Tuesday, October 26, 2010

Free speech does not equal subsidized free speech....

Having several friends who are of the left-ward leaning bent, I often run into a cognitive dissonance when reading their statuses on Facebook or the like.  I had been, as my cousin so aptly puts it, 'biting my tongue until it bleeds' out of respect for them and their right to have an opinion that differs from mine, but when they aren't thinking anymore or are just passing on the party meme, I've started commenting with facts.  Maybe it'll work, maybe it won't.  Maybe I'll lose some friends, but I just can't stand by and watch them mirror the meme of the day.  I have noticed however, that I'm not alone in this since others are also correcting them.

The two that immediately come to mind are the O'Donnell/First Amendment kerfuffle that the press was all over like white on rice.  They tried to paint her as an idiot, when what she was doing was correcting her opponent (the words 'separation of church and state' are not part of the First Amendment (Establishment clause) and don't appear until much later in writings by Adams and Jefferson (and then they were talking about specific churches, not religion in general).

The second one is one I find to be a little more interesting because of the dichotomy inherent in it.  There have been calls to de-fund NPR due to its firing of Juan Williams for saying on another network that he gets nervous when there's muslim folks on a plane with him.  Something that we've all thought.  But NPR seizes a chance to both fire him and insult him later (his feelings should be between him and his psychiatrist according to Vivian Shiller, the CEO of NPR).  So Demint and some other folks feel that since NPR is clearly into stifling free speech, that maybe public dollars ($430 million of them, as a matter of fact) could be better used elsewhere.  But the lefties are saying that de-funding NPR is 'stripping our freedoms', completely ignoring the fact that Williams was fired for not toeing the progressive opinion line, thus seriously crossing the First Amendment line.

The ironic part (there are so many ironic parts to this)....

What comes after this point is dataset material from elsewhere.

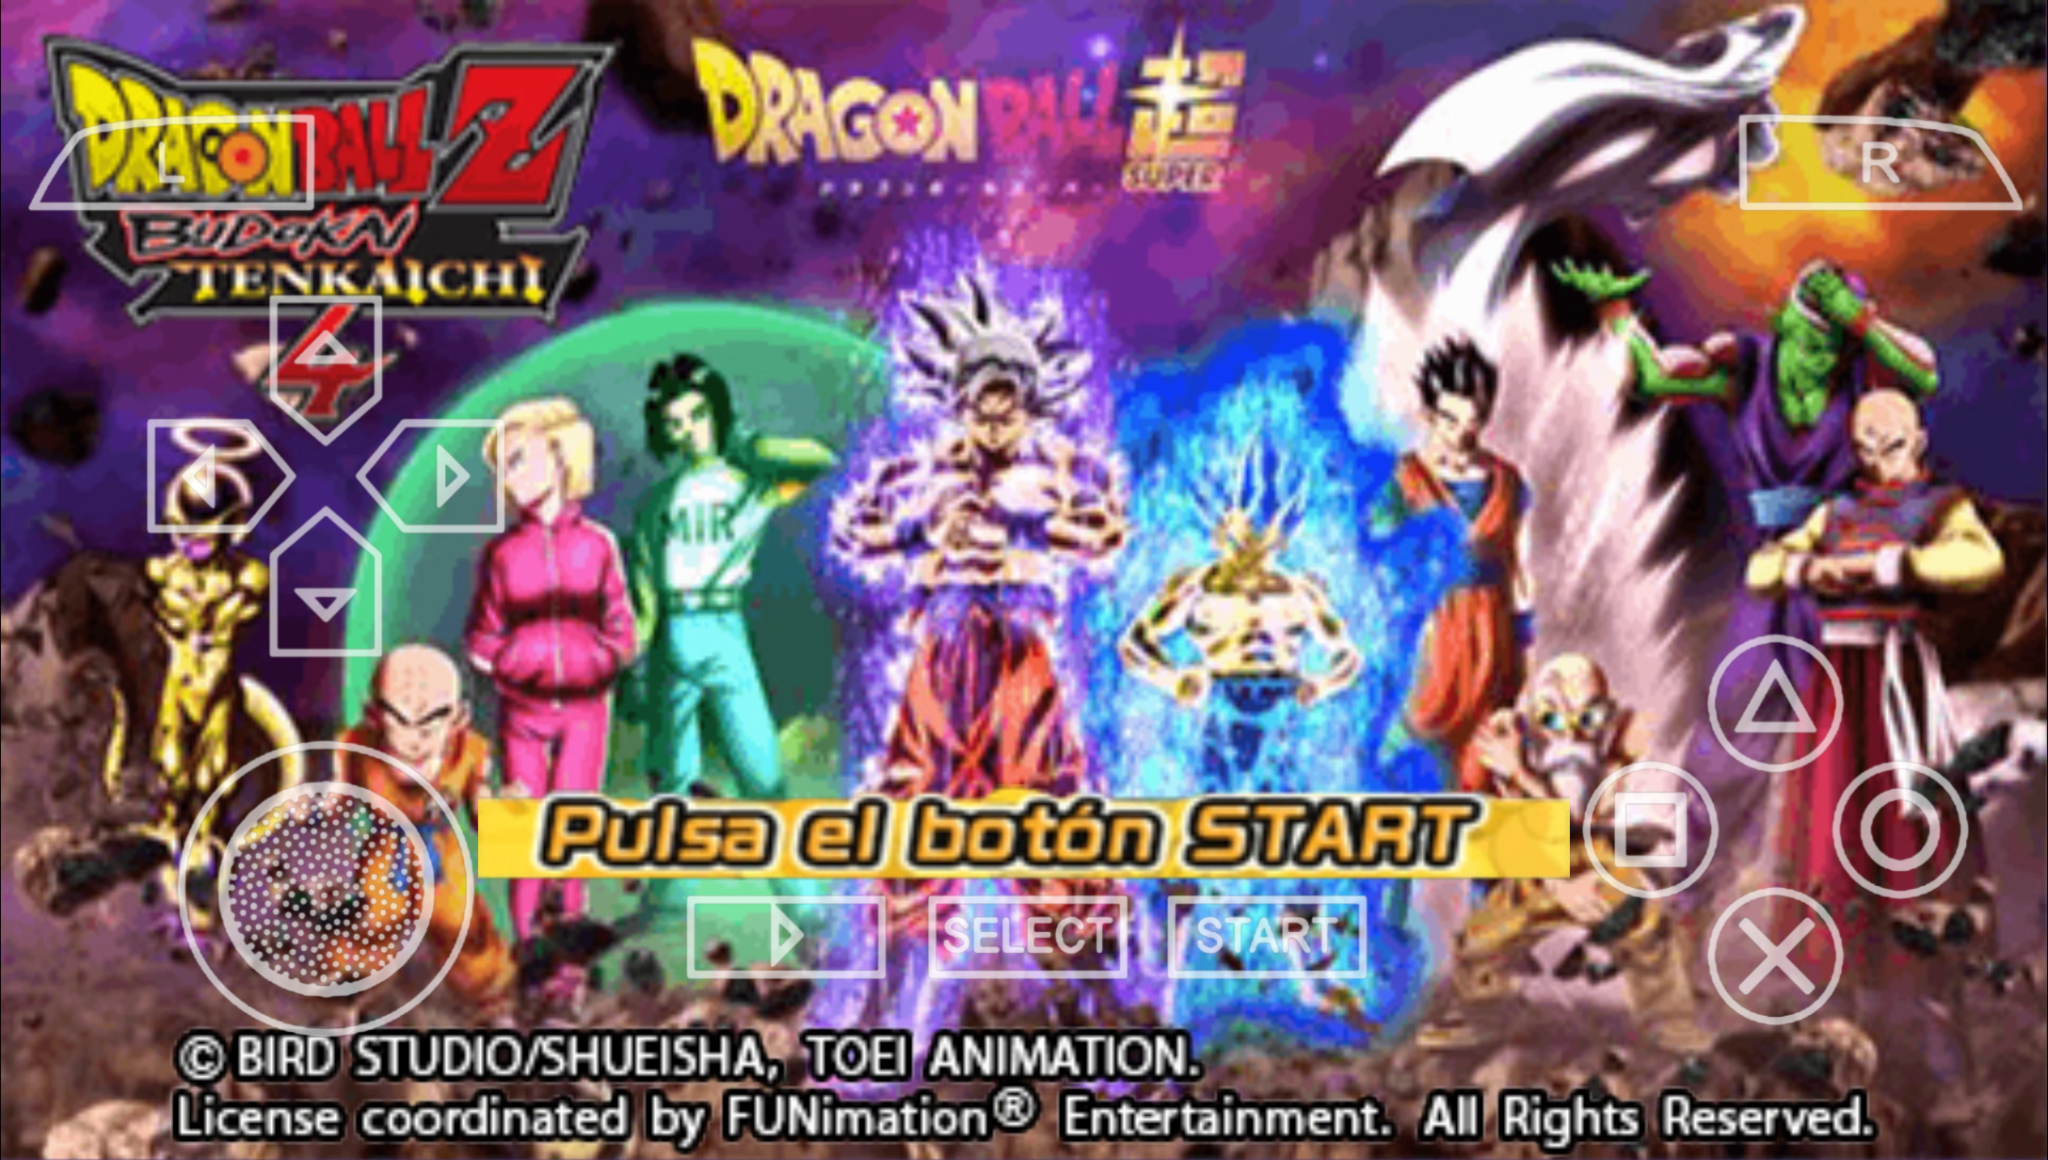 Dragon Ball Z Budokai Tenkaichi 4 Epic Android PSP Game

Another ironic part is that if anyone would have listened to the WHOLE thing, he actually was toeing the line and made a statement about making sure everyone understands the difference between muslim and muslim extremists... yadda, yadda, yadda.

My thought is that with so many other avenues of news available to the populace today, most of them privately funded, that NPR and PBS have both really run their respective courses.  If folks want to privately cough up the $430 million to NPR to keep it up and running, more power to them.  It would be a good litmus as to their true dedication to NPR.  Hell, maybe George Soros could just pay for the whole thing and dispense with any pretense that he's not calling the shots there.  For myself, I think that could be something safely carved out of the federal budget without impacting my life at all.

On the brighter side, as long as I've still got friends on that side of the ideological fence, I'll have a heads-up as to the meme of the day.

ETA:  My friend thanked me for the correction on his O'Donnell meme.  Maybe I'm not giving them enough credit and they are actually thinking--just aren't exposed to other thoughts very often.